Generally, it is advisable to transcribe data not too long after gathering it, in case certain phrases are not understandable in the recording, and memory can better help recall. However, a time lag between recording and transcription can help the researcher distancing themselves from the interview situation and allow for greater objectivity in listening. If the data gathering took time long before the transcription, it is recommendable for the transcriber to listen to the complete recording again before starting the transcription in order to recall the conversation as a whole, and be able to pay attention to details and the informational content, which can be helpful to properly create the transcript (1).

When transcribing, it is advisable to play the recorded text at a slower speed and type simultaneously - the author of this entry has made good experiences with a 0.7x speed for denaturalistic transcription. However, the preferable speed depends on the speed that the transcriber can type at (see Speed Typing), and while slower replays of the recordings will extend the transcription process, a quicker replay is more prone to mistakes and misunderstandings. This is especially relevant for fast speaking interviewees, heavily accented speech, or naturalistic transcription approaches, where more time will be needed to perceive all details. The replay should be done using a device or software that can easily be accessed, like a phone, recording device, or second screen on the computer. This is because sections of the recording may be necessary to replay several times. A single skip should be possible by the press of a button, and adjusted to a preferable time span, e.g. 2 seconds back, to simplify this.

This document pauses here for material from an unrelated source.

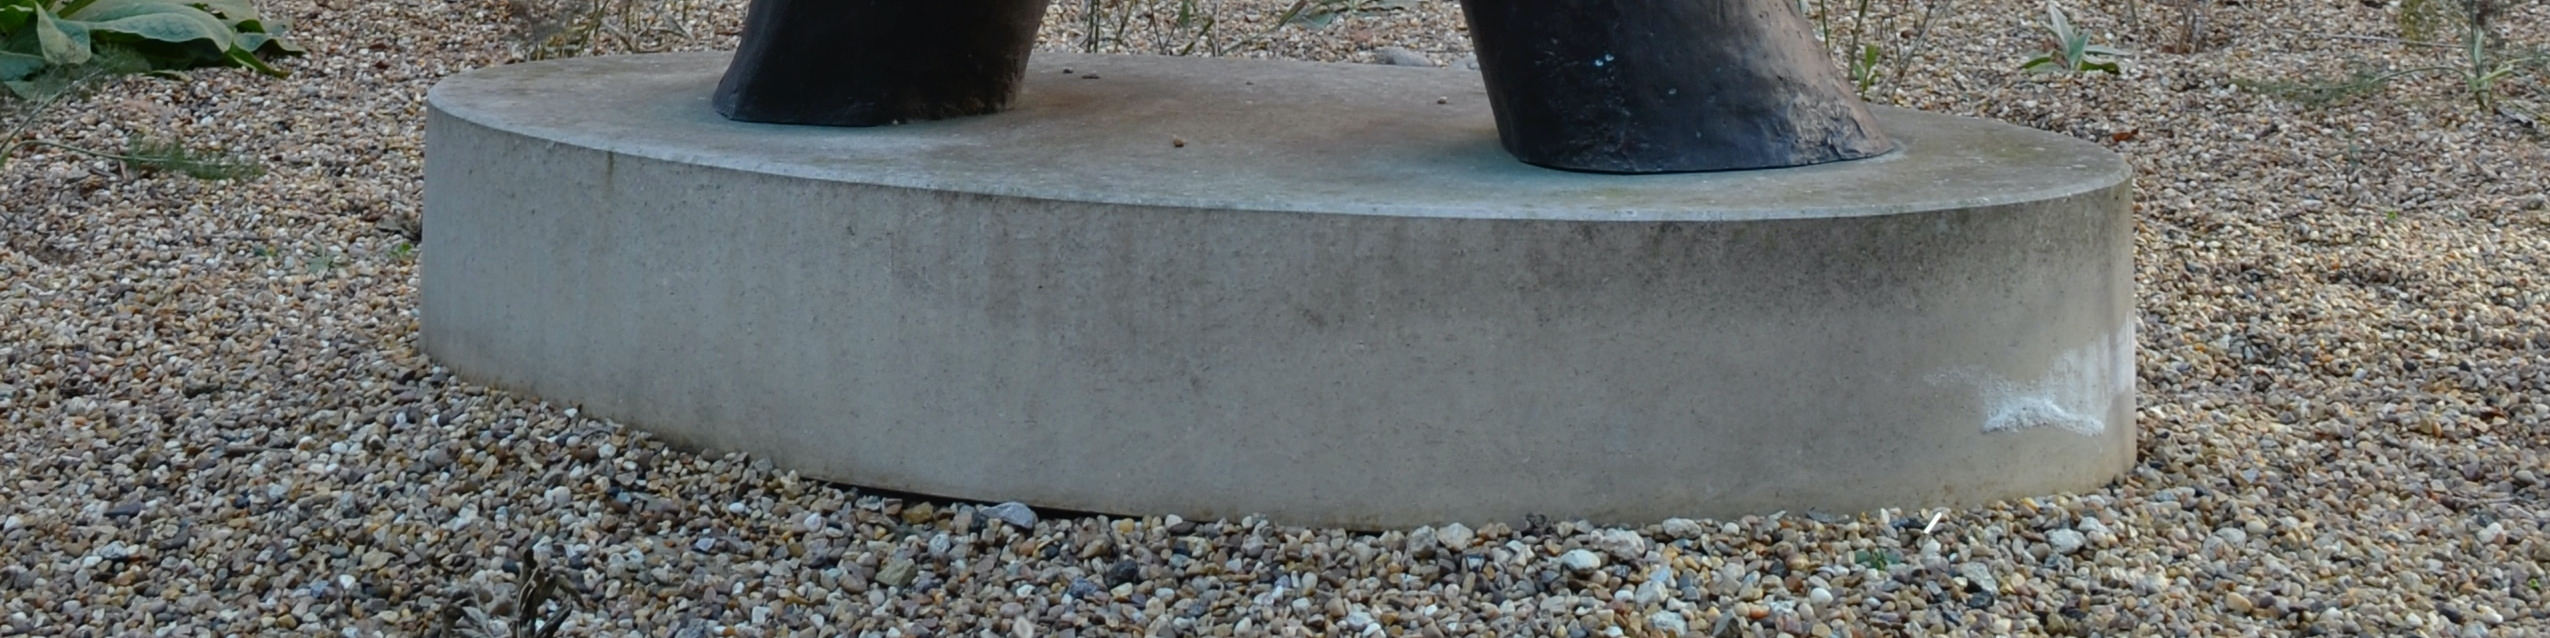 concrete securing outdoor sculptures

While typing, the text may be structured and punctuations may be added to improve legibility, while the impact this act has on the transcript should be acknowledged. The same is true for the use of paragraphs and line-breaks in the text, which are advisable for turn-by-turn dialogic interactions or longer monologues, but also influence the way the expressed arguments are represented in the written text. To allow for quotations, the lines of the transcript should be numbered or time codes should be added at the end of each paragraph (2). A transcript template may be advisable to help standardize the transcripts (1).

Programs like e.g., f4transkript or the transcription function of MAXQDA offer a range of settings to easily handle different of the above mentioned aspects. Autotranscription programs can also be used, albeit only for the denaturalistic approach. However, the time saver effect is limited because training the program for voice recognition takes time, and transcription accuracy still has to be validated and corrected by hand.

For ethical reasons, the identity of the interviewee should be secured in the transcribed text by attributing a number, pseudonym or code to the interview (1). This should be done in a way that supports easy data management and file access. If member checking is planned, the transcriber should leave space in the transcript file for potential comments (1).


(1) Widodo, H.P. 2014. Methodological Considerations in Interview Data Transcription. International Journal of Innovation in English Language 3(1). 101-107.

(2) Dresing, T., Pehl, T. 2015. Praxisbuch Interview, Transkription & Analyse. Anleitungen und Regelsysteme für qualitativ Forschende. 6th edition.

(3) Skakauskaite, A. 2012. Transparency in Transcribing: Making Visible Theoretical Bases Impacting Knowledge Construction from Open-Ended Interview Records. Forum Qualitative Social Research 13(1,14).

(4) Oliver, D.G. Serovich, J.M. Mason, T.L. 2005. Constraints and Opportunities with Interview Transcription: Towards Reflection in Qualitative Research. Social Forces 84(2). 1273-1289.

The author of this entry is Christopher Franz.